Activist decries executions
Vienna Wagner | Tuesday, September 13, 2011
Sr. Helen Prejean said she is “not a brave person.”
Yet she stood by the side of a convicted murderer — her friend — as he received the death penalty in the electric chair and prayed for him.
Prejean, a Catholic nun and a mentor for inmates on death row, called for the Notre Dame community to speak out against the death penalty during her lecture in Geddes Hall on Monday evening.
“A big part of education is awakening to the gifts that God has given us and learning to develop them for service to the community,” Prejean said.
This “awakening” led Prejean to her outspoken activism against the death penalty.
“The best definition of ‘justice’ is ‘just us,'” Sr. Prejean said, “When we wake up, it’s a dangerous point because if we don’t act we become paralyzed, sink down into the whirlpool and don’t do anything. It doesn’t matter where you start because grace is going to lead you.”
Each human being deserves the basic right to life, Prejean said.
“Even those among us who have done terrible crimes have a dignity that must not be taken from them,” she said. “Do we only uphold the dignity of innocent lives? There is no dignity in death row deaths.”
In her bestselling book “Dead Man Walking: An Eyewitness Account of the Death Penalty in the United States,” Prejean wrote about her experience as a spiritual advisor to a man awaiting the death penalty in Louisiana.
Prejean said words from a fellow nun prompted her to serve others more often.
“[She said,] ‘Integral to the news that Jesus taught the poor was that they would be poor no longer,'” Prejean said.
After she became an advisor for a death row inmate in the 1980s, Prejean said “God’s sneakiness” took her on a journey she never expected.
“I had no way of knowing that two years ago from then he would be electrocuted at midnight, that I would be with him in the last hours to the electric chair and [that] he would look at my face and try to protect me,” Prejean said.
A judge sentenced the man to death row after he participated in the cold-blooded murder of two teenagers on their way to a football game. However, Prejean said she saw goodness in him.
“We want to make the person [who commits a crime] evil,” Prejean said. “Acts are unspeakably evil. It’s ethical to be outraged over an act that’s evil. However, people have faces.”
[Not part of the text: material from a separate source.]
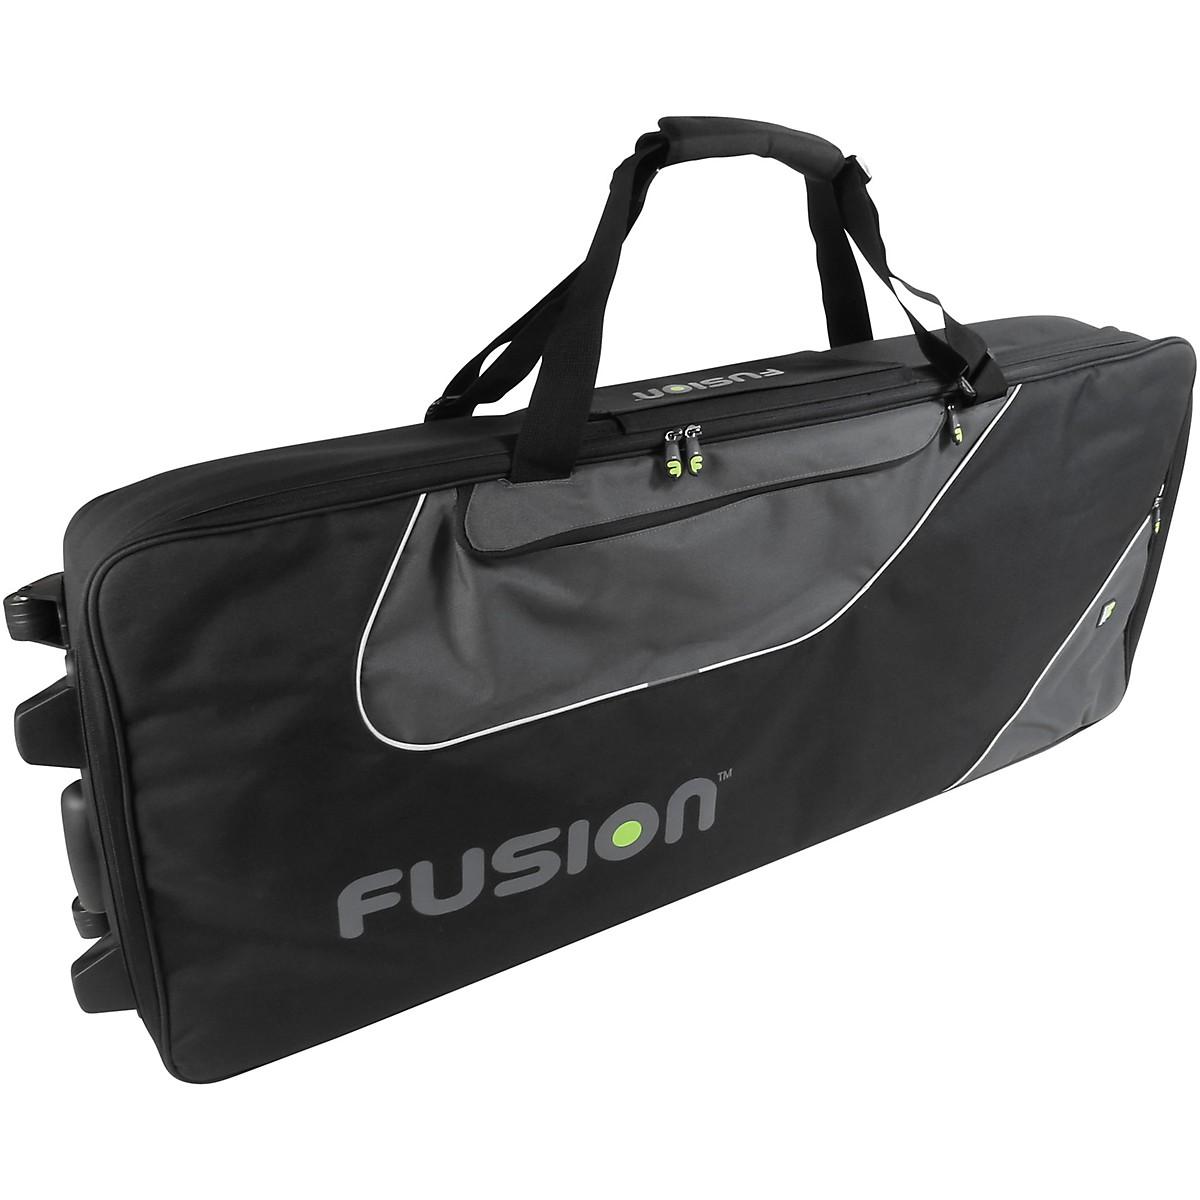 Fusion Keyboard 16 Gig Bag with Wheels (76-88 Keys)

Prejean continues to mentor death row inmates today. During her talk, she emphasized the way she has seen culture blur facts in the justice system.
She cited the case of an African-American boy with an IQ of 65 who was tried and unfairly convicted of murdering a white woman by an all-white jury.
“Culture blinds us,” Prejean said. “Culture is like the air we breathe. One of the problems of society is that we’re so separated. Our racism, assault of poor, and penchant for trying to solve our problems with violence are all found in the death penalty.”
Prejean campaigned successfully for Pope John Paul II to add execution to his pro-life agenda along with abortion and euthanasia.
Prejean described the way the families of murder victims in New Jersey campaigned for the abolition of the death penalty.
She encouraged Notre Dame students and the local community to forgive those on death row as these families did and to work against execution.
“The reason I stand before you today is that I became a witness,” Sr. Prejean said. “When we see suffering, we’ve got to stand up.
“Forgiveness is the grace of God that keeps us from being consumed by hatred.”